**Data shown:**
····················

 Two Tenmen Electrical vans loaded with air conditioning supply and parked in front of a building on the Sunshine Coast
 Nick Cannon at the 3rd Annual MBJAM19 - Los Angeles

····················

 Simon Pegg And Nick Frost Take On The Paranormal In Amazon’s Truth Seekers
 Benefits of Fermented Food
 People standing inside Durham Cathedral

····················

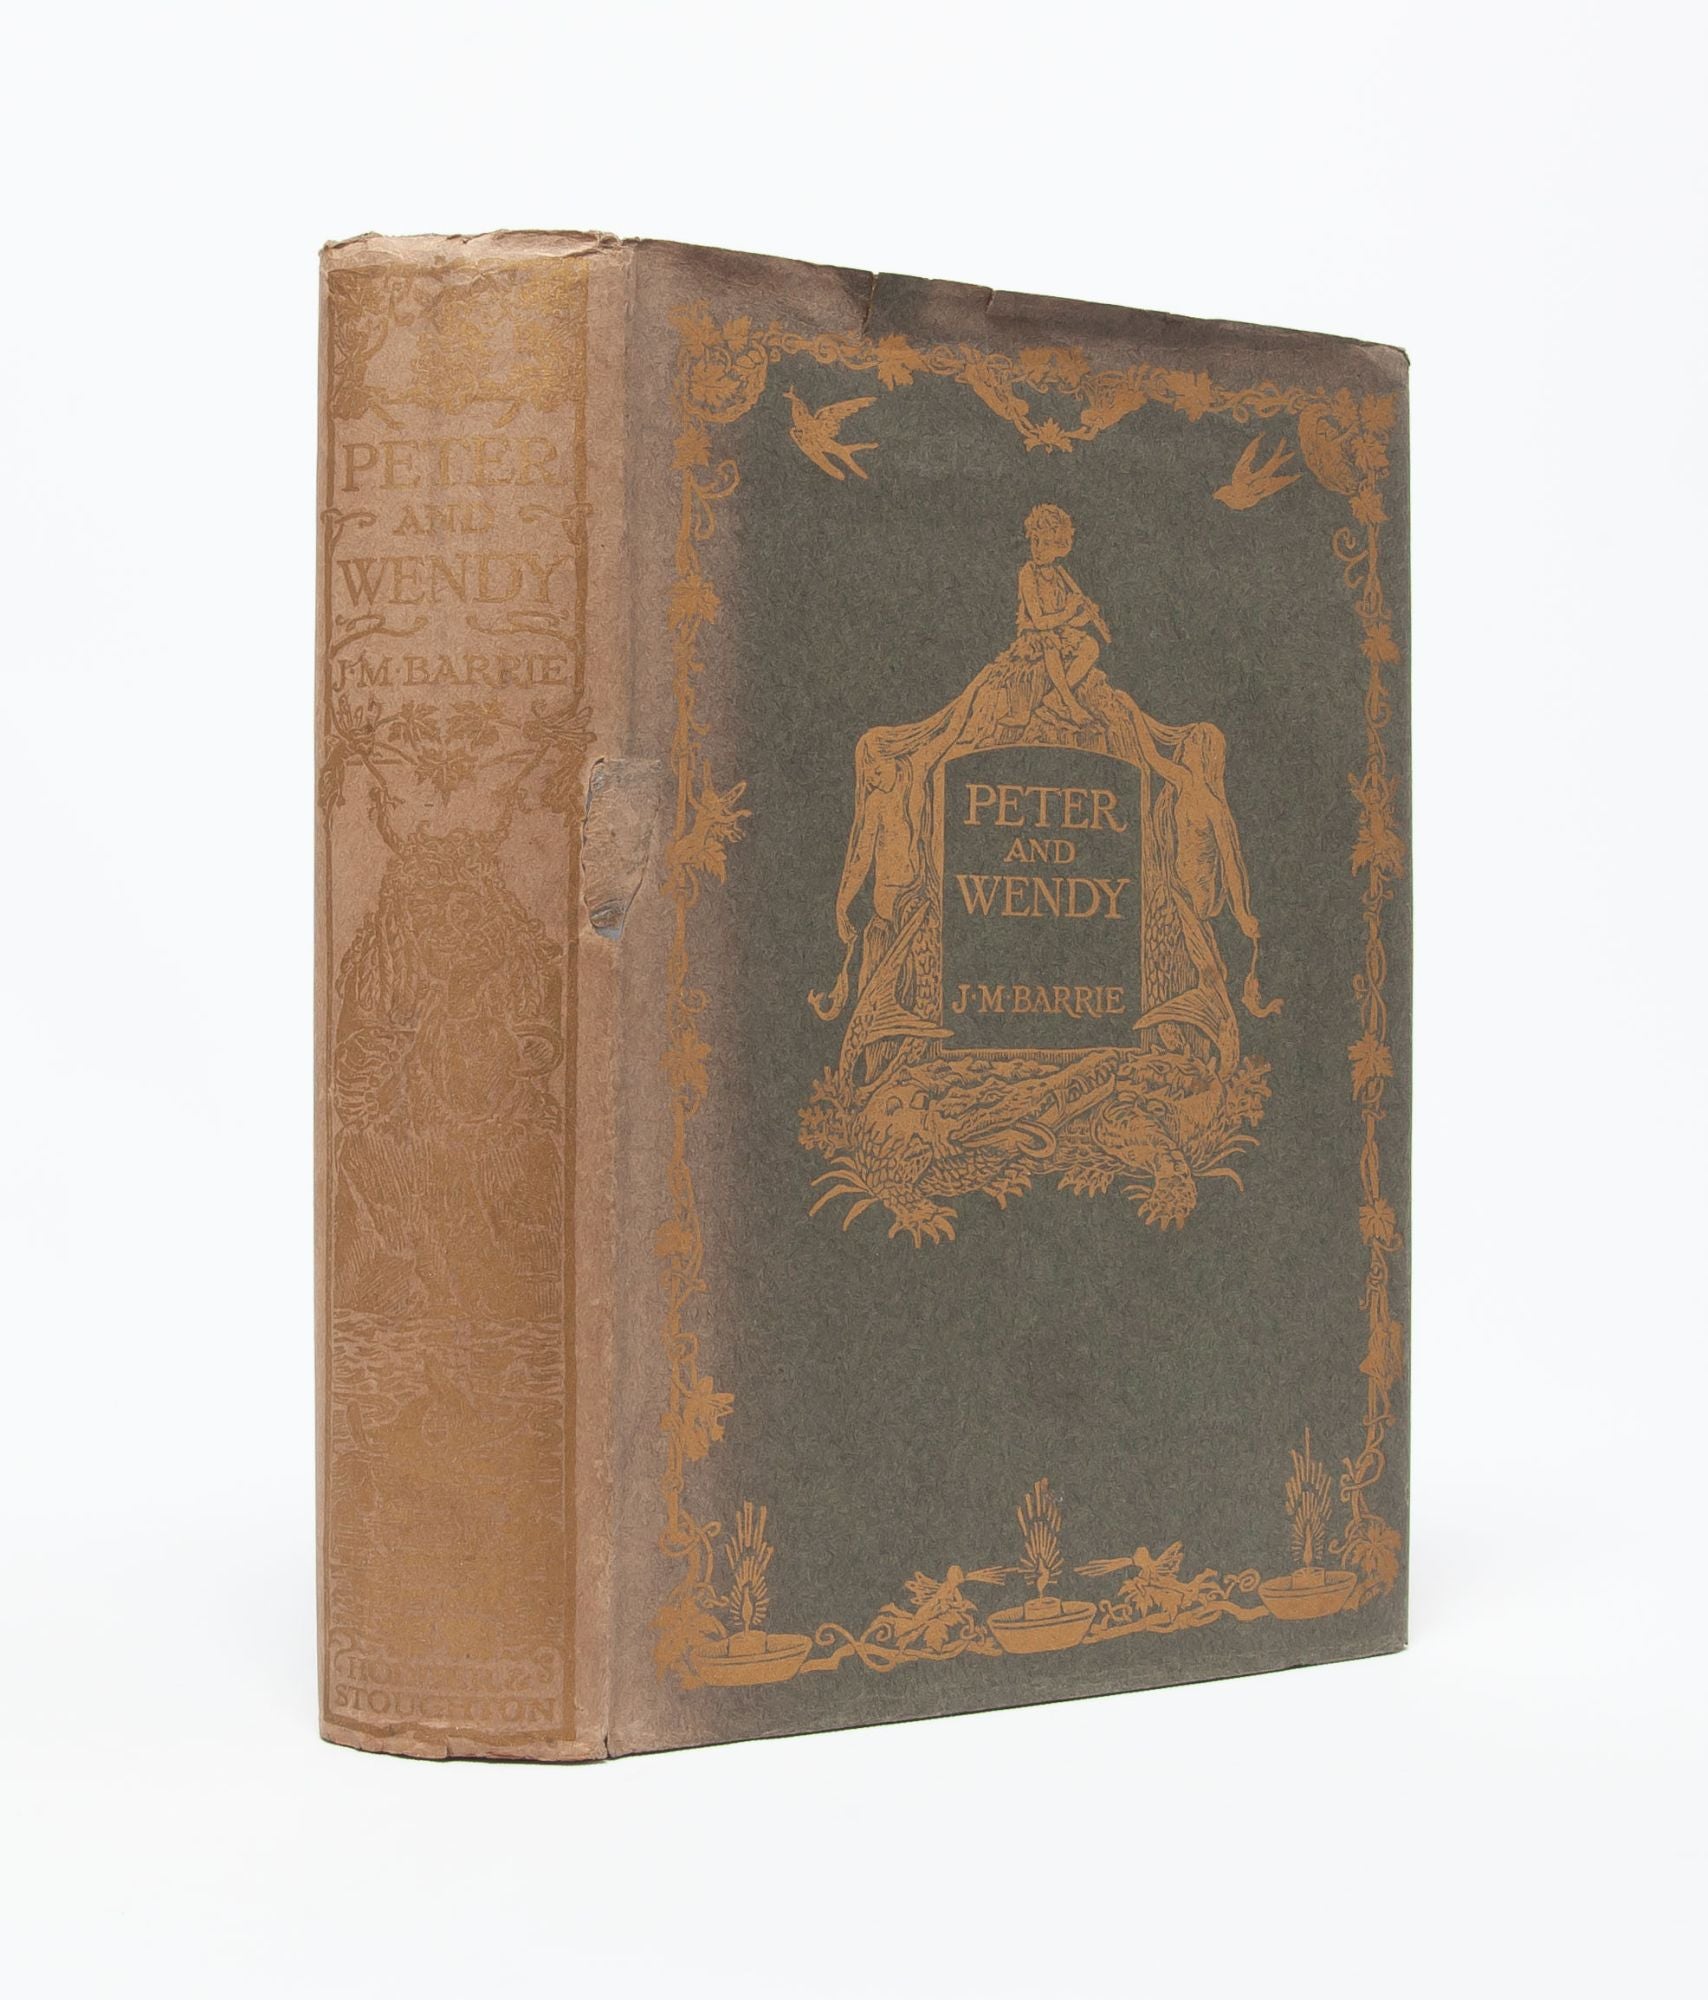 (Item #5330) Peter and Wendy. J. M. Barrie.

····················

**The problem:**
Copy the lines above exactly. Start with the line containing "Two Tenmen Electrical", end with the line containing "Nick Cannon at", and include both.

**Written response:**
 Two Tenmen Electrical vans loaded with air conditioning supply and parked in front of a building on the Sunshine Coast
 Nick Cannon at the 3rd Annual MBJAM19 - Los Angeles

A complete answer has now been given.